Овсей стоял столбом. Он шёл сюда, как на заставу ходил — с сосущим холодом в брюхе. А тут торговались из-за вяленой плотвы, гоготали, и пахло кашей с дымом, как на любом берегу, где артель встала на ночлег.
И тут он хватился Нечайки.
Малец пропал из-за спины. Овсей крутнулся, обмер — и увидел. Нечайка сидел у главного костра, на бревне и болтал ногами. А рядом, на том же бревне, сидел Кормчий и слушал, наклонив стриженую голову. Нечайка размахивал руками — показывал не то перемёт свой, не то рыбину сказочных размеров.

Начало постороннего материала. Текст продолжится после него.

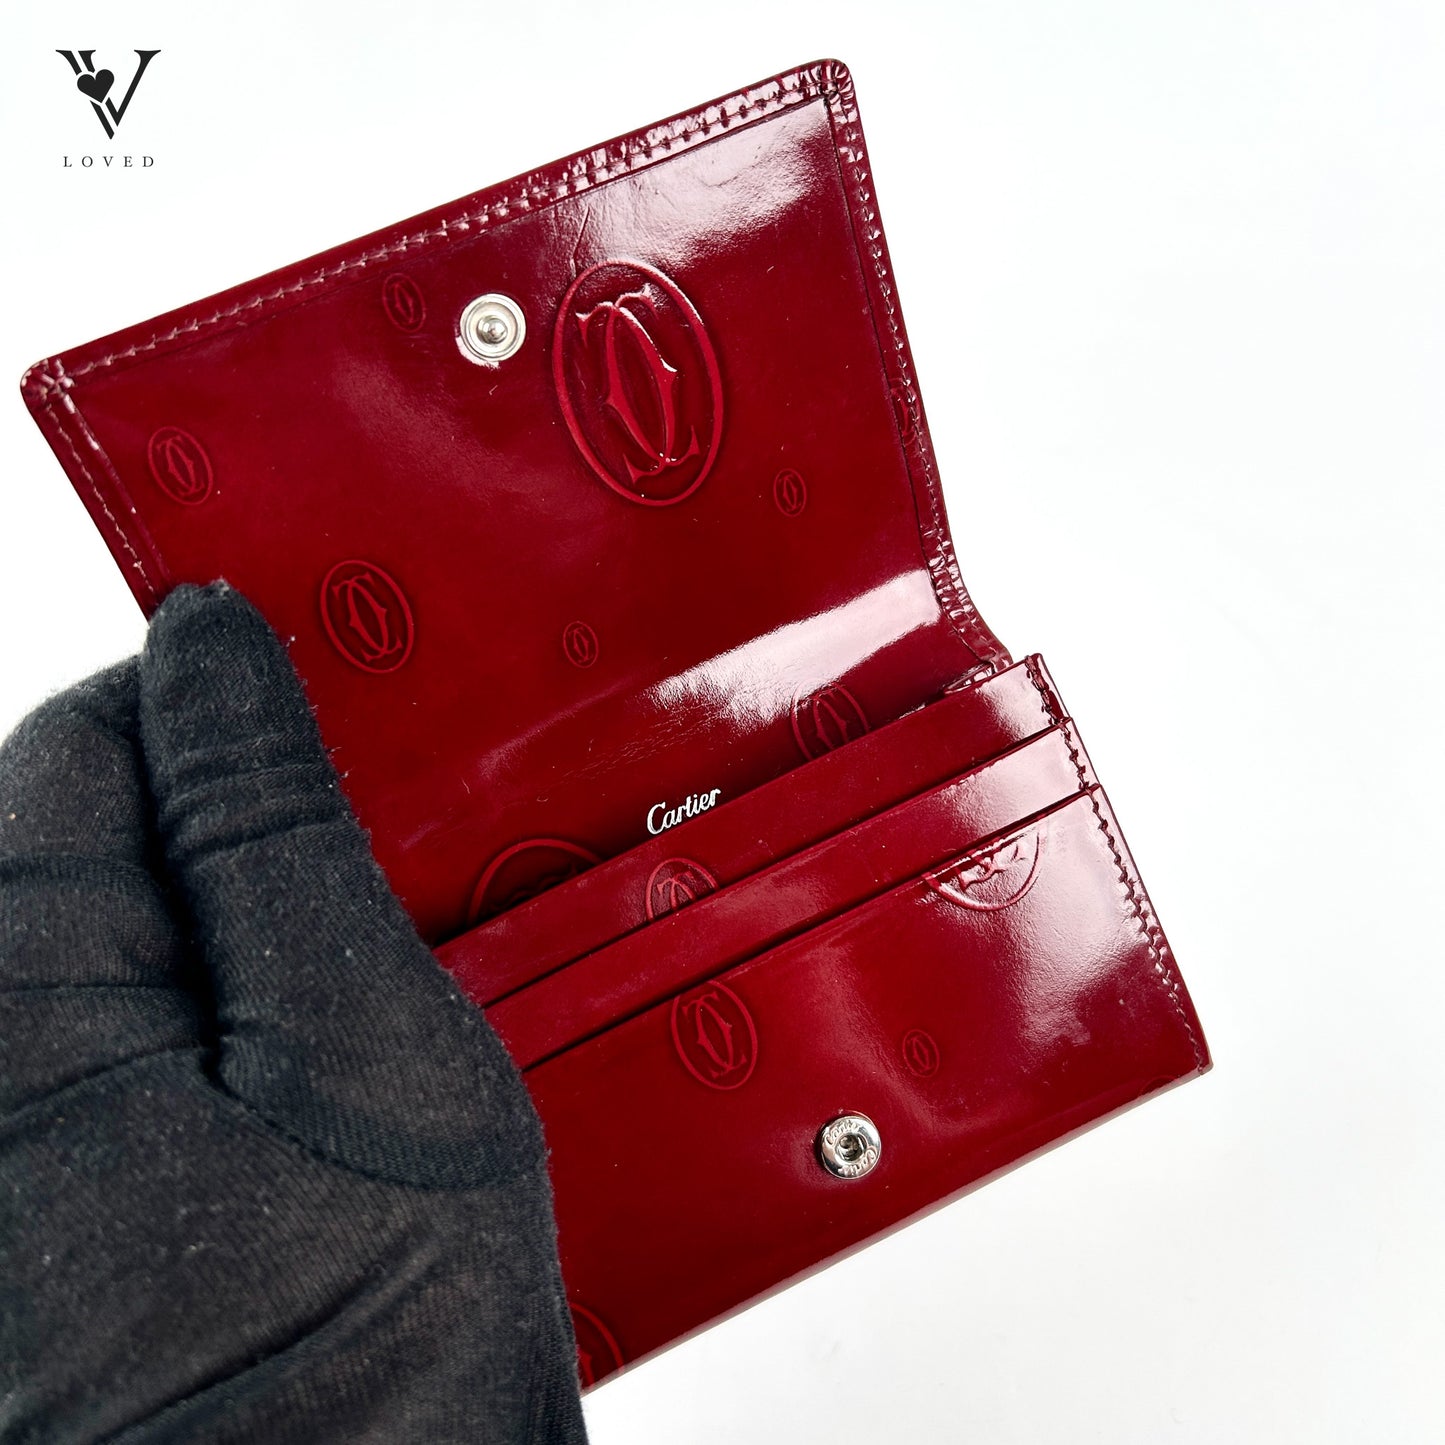 Happy Birthday Bifold Compact Wallet in Red Glossy Leather

Овсей рванулся туда, но Бес придержал за плечо.
— Не мельтеши, дед. Говорят люди.
— Так дитё ж… докучает…
— Кому докучает, тот сам скажет. — Бес усмехнулся. — Кормчий с дитями разговаривает охотней, чем с боярами. Дитё не брешет.
Овсей остался стоять, где стоял.
— … на два крюка, — солидно говорил Нечайка. — Один крюк дед ковал, а второй я сам выменял. На беличью шкурку.

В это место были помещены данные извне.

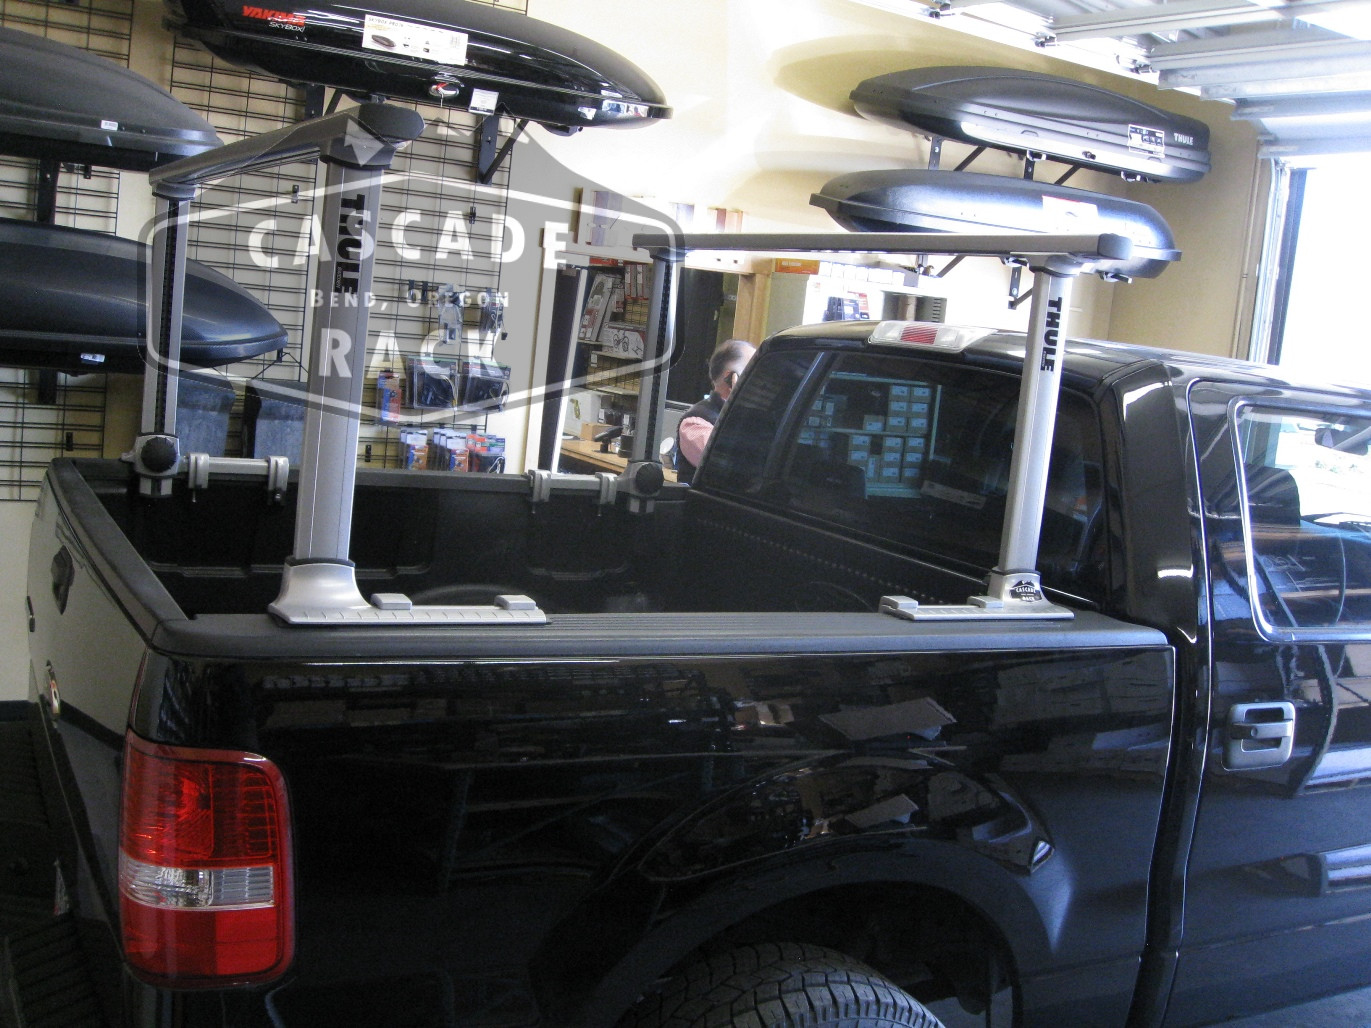 2013 Ford F-150 - Bed Rack Installation - Thule

— Добрый торг. А ловится что?
— Налим ловится. Только мелкий. Крупный, деда говорит, на глыби живёт, а на глыбь мне нельзя, я плаваю ишшо так себе…
— Это верно. На глыбь, пока плаваешь так себе, не лезь. — Кормчий говорил с ним без сюсюканья, как с мужиком. — Река дурней не любит. Она смелых любит, которые с головой.
— А ты смелый?
— Я-то? — Кормчий помолчал. — Я, брат, осторожный. Оттого и живой.
Нечайка посопел. Потом спросил — и Овсей втянул голову в плечи:
— А застава — это ты пожёг?
— Я.
— А чего?
— А того, что нечего у людей последнее отнимать, — сказал Кормчий. — Запомни, рыбак: кто у своих последнее тянет, тот не хозяин. Тот вошь. А вшей жгут.
Нечайка притих, укладывая услышанное в голове, а Овсей стоял и не знал, что делать со всем этим.
Решил пока ничего не делать. Серебро спрятал за пазуху и только тут заметил маленькие тени шмыгнувшие к костру из леса.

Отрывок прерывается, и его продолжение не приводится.